Wednesday, May 15, 2024

Microsoft’s new custom chips to power AI workloads on Azure

Microsoft has unveiled two custom-designed chips and integrated systems: the Microsoft Azure Maia AI Accelerator, optimized for artificial intelligence (AI) tasks and generative AI, and the Microsoft Azure Cobalt CPU, an Arm-based processor tailored to run general-purpose compute workloads on the Microsoft Cloud.

The introduction of two new chips represents Microsoft’s first foray into semiconductors. This move follows in the footsteps of Microsoft’s public cloud rivals, namely Amazon’s AWS and Google Cloud, who run their own chips in their data centers alongside those provided by vendors such as Nvidia.

The new chips are both designed on Arm architecture, which is increasingly being deployed in cloud data centers as a more energy-efficient and cost-effective alternative to semiconductors built using Intel’s x86 process. Microsoft claims that Cobolt will offer a 40% performance boost over the existing Arm-based CPUs on Azure, which it launched last year in partnership with Ampere Computing.

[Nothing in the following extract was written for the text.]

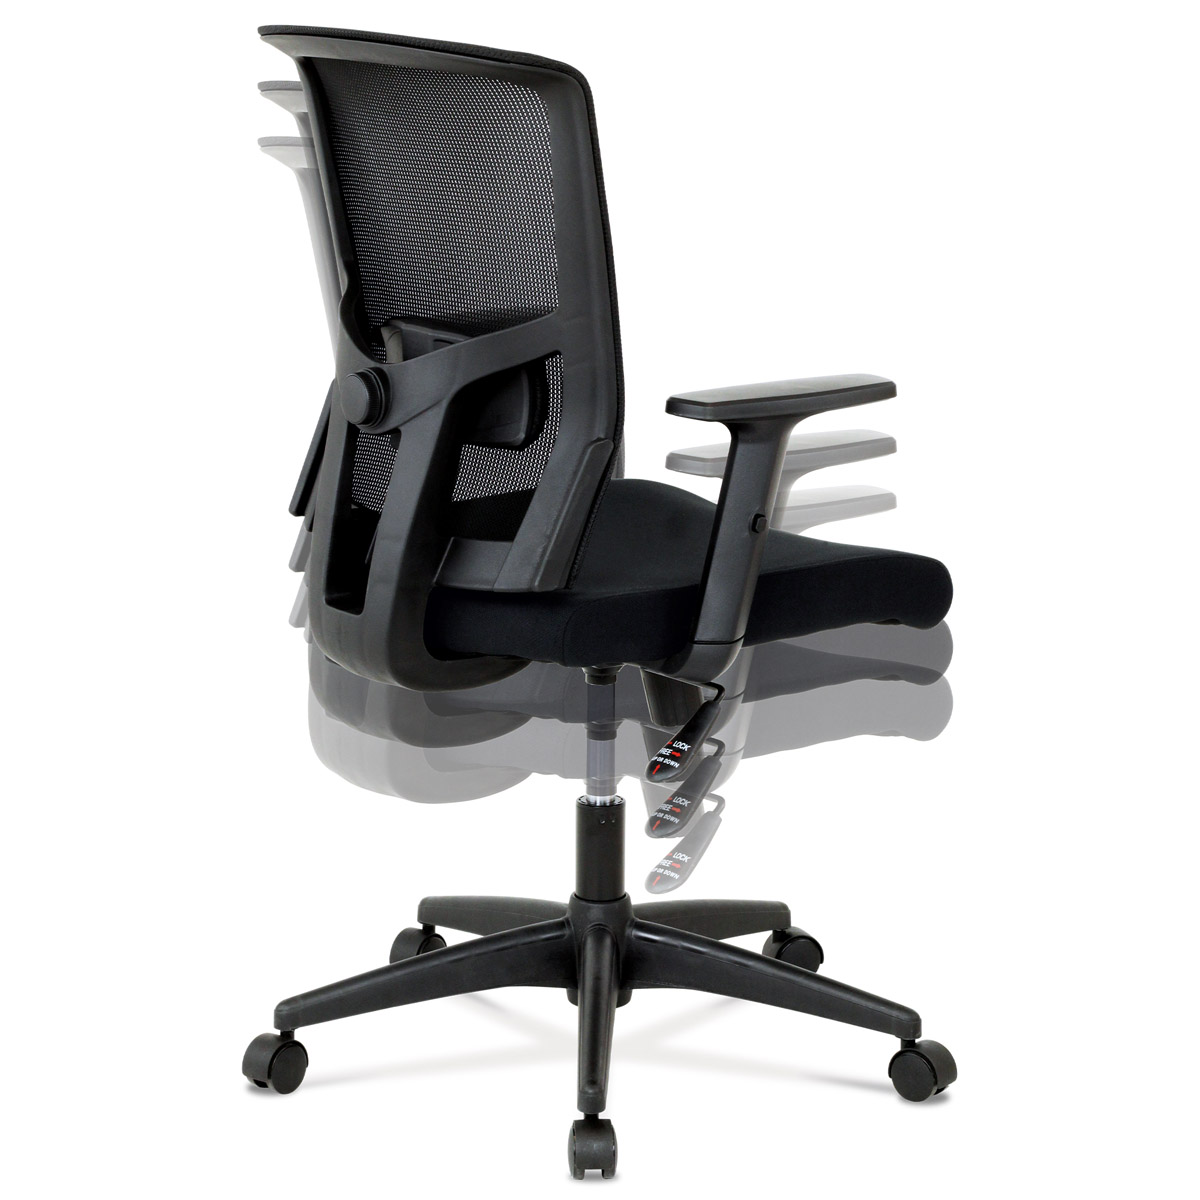 Kancelářská židle, látka černá, houpací mechanismus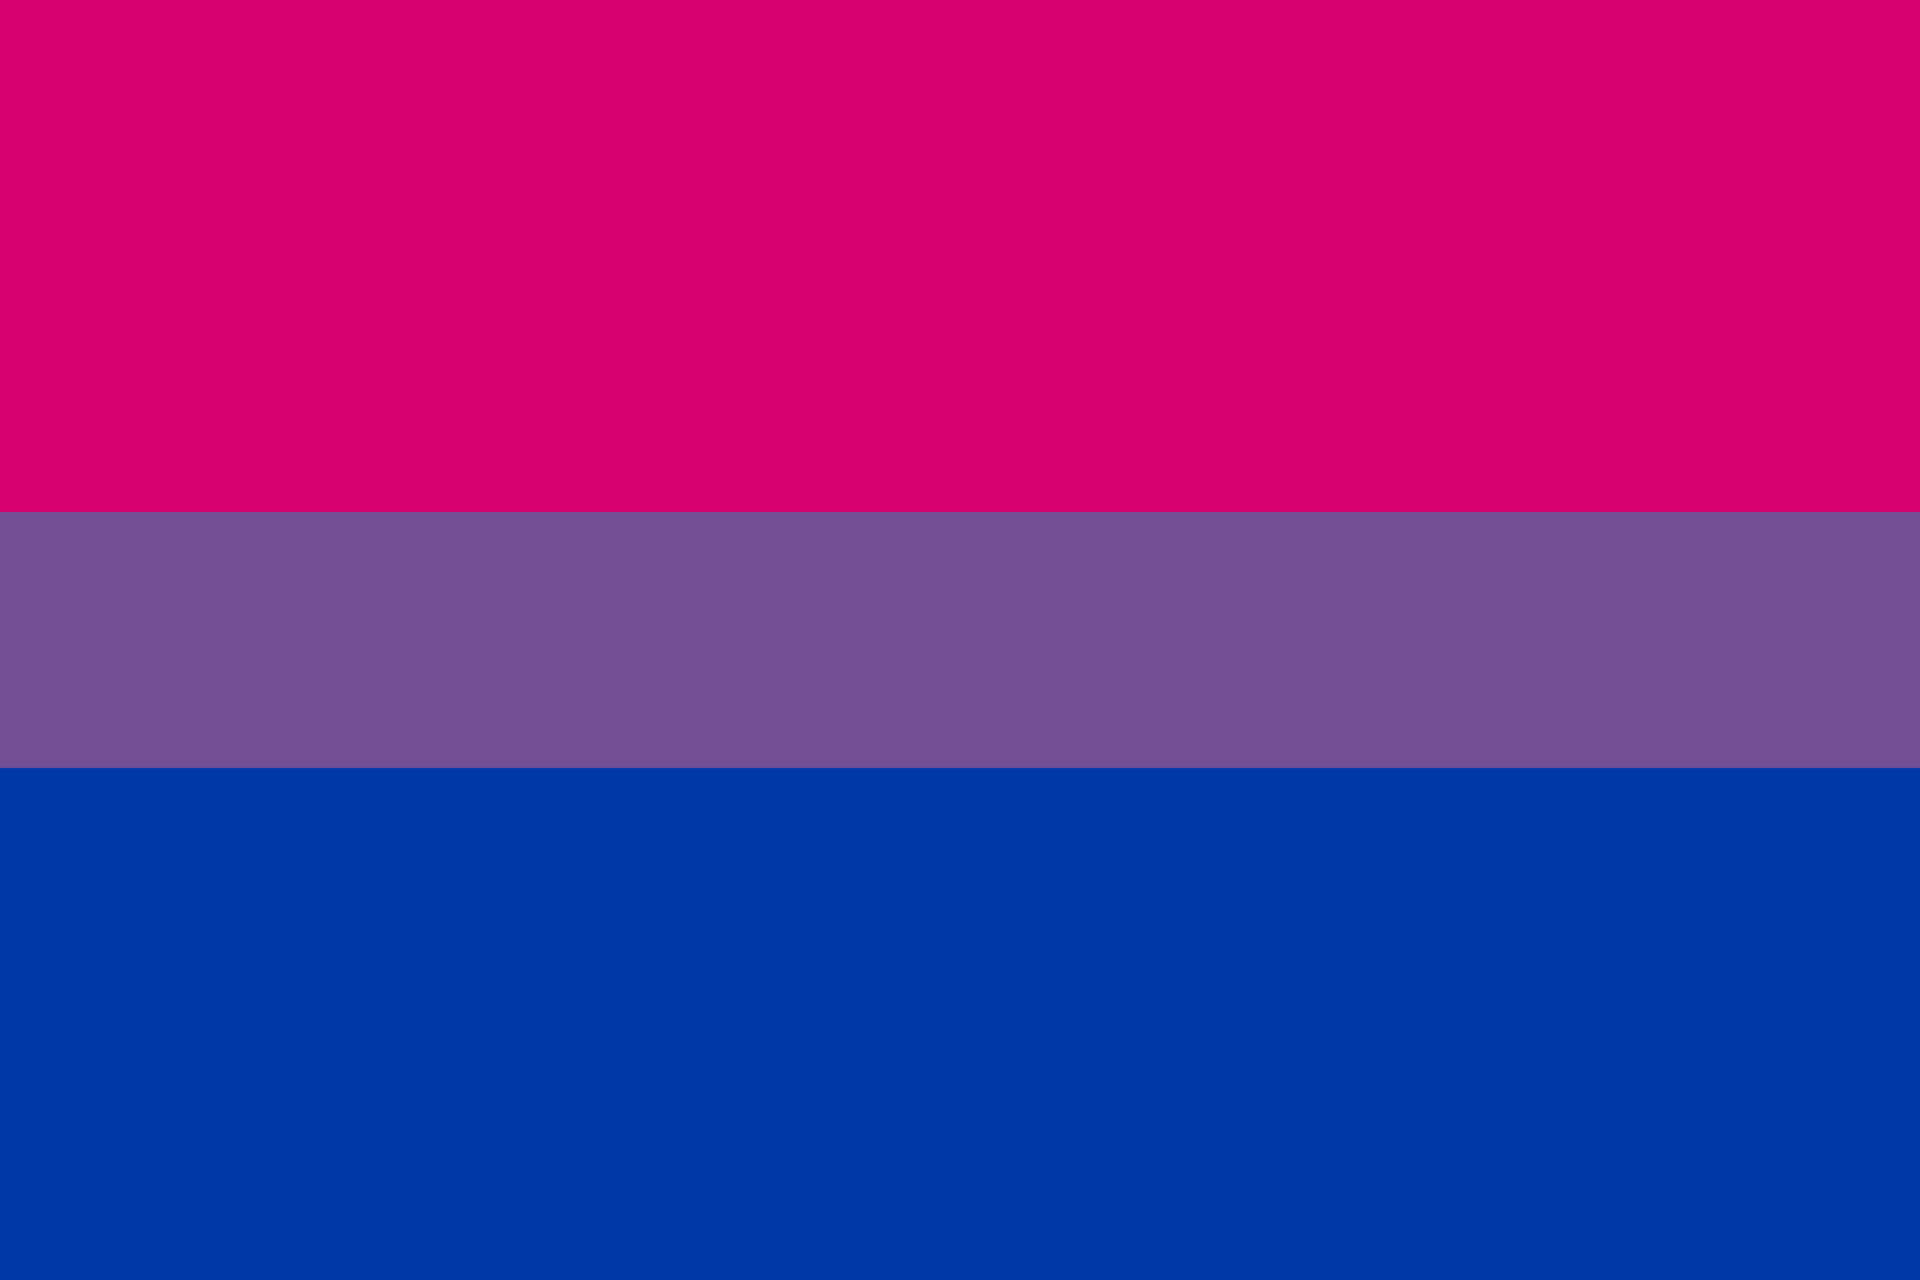 Plain Bisexual Pride Flag Wallpaper

The chips will start to roll out early next year to Microsoft’s data centers, initially powering the company’s services such as Microsoft Copilot or Azure OpenAI Service.

The company’s new Maia 100 AI Accelerator will power some of the largest internal AI workloads running on Microsoft Azure, such as the Microsoft Copilot AI assistant and the Azure OpenAI Service.

The Microsoft Azure Maia 100 AI Accelerator.
The Microsoft Azure Maia 100 AI Accelerator. Credit: Microsoft

The Maia 100 AI Accelerator was also designed specifically for the Azure hardware stack. The alignment of chip design with the larger AI infrastructure designed with Microsoft’s workloads in mind – can yield huge gains in performance and efficiency, said Brian Harry, a Microsoft technical fellow leading the Azure Maia team.

“Azure Maia was specifically designed for AI and for achieving the absolute maximum utilization of the hardware,” he said.

Meanwhile, the Cobalt 100 CPU is built on Arm architecture, a type of energy-efficient chip design, and optimized to deliver greater efficiency and performance in cloud-native offerings. Choosing Arm technology was a key element in Microsoft’s sustainability goal. It aims to optimize “performance per watt” throughout its data centers, which essentially means getting more computing power for each unit of energy consumed.

“The architecture and implementation are designed with power efficiency in mind,” Harry said. “We’re making the most efficient use of the transistors on the silicon. Multiply those efficiency gains in servers across all our data centers; it adds up to a pretty big number.”

The Microsoft Azure Cobalt 100 CPU.
The Microsoft Azure Cobalt 100 CPU. Credit: Microsoft

Microsoft has introduced a new silicon architecture that enables the company to improve cooling efficiency, optimize the use of its current data center assets, and maximize server capacity within its existing footprint.

The unique requirements of the Maia 100 server boards necessitated the creation of new, wider racks to accommodate them. These expanded racks provide enough space for both power and networking cables, which are essential for the demands of AI workloads.

The high-performance chips used for AI tasks require intensive computational demands, which consume more power than traditional air-cooling methods can handle. As a result, liquid cooling has emerged as the preferred solution to these thermal challenges, using circulating fluids to dissipate heat and ensure efficient functioning without overheating.

A custom-built rack for the Maia 100 AI Accelerator and its “sidekick” inside a thermal chamber at a Microsoft lab in Redmond, Washington.
A custom-built rack for the Maia 100 AI Accelerator and its “sidekick” inside a thermal chamber at a Microsoft lab in Redmond, Washington. Credit: John Brecher for Microsoft.

However, Microsoft’s current data centers weren’t designed for large liquid chillers. To address this, the company developed a “sidekick” that sits next to the Maia 100 rack. These sidekicks function similarly to radiators in cars, with cold liquid flowing from them to cold plates attached to the surface of the Maia 100 chips. Each plate has channels through which liquid is circulated to absorb and transport heat, which then flows back to the sidekick to remove heat from the liquid and send it back to the rack to continue absorbing more heat.

The tandem design of rack and sidekick underscores the value of a systems approach to infrastructure, said Wes McCullough, corporate vice president of hardware product development. By controlling every facet, Microsoft can orchestrate a harmonious interplay between each component, ensuring that the whole is indeed greater than the sum of its parts in reducing environmental impact.

“Microsoft is building the infrastructure to support AI innovation, and we are reimagining every aspect of our data centers to meet the needs of our customers,” said Scott Guthrie, executive vice president of Microsoft’s Cloud + AI Group. “At the scale we operate, it’s important for us to optimize and integrate every layer of the infrastructure stack to maximize performance, diversify our supply chain, and give customers infrastructure choice.”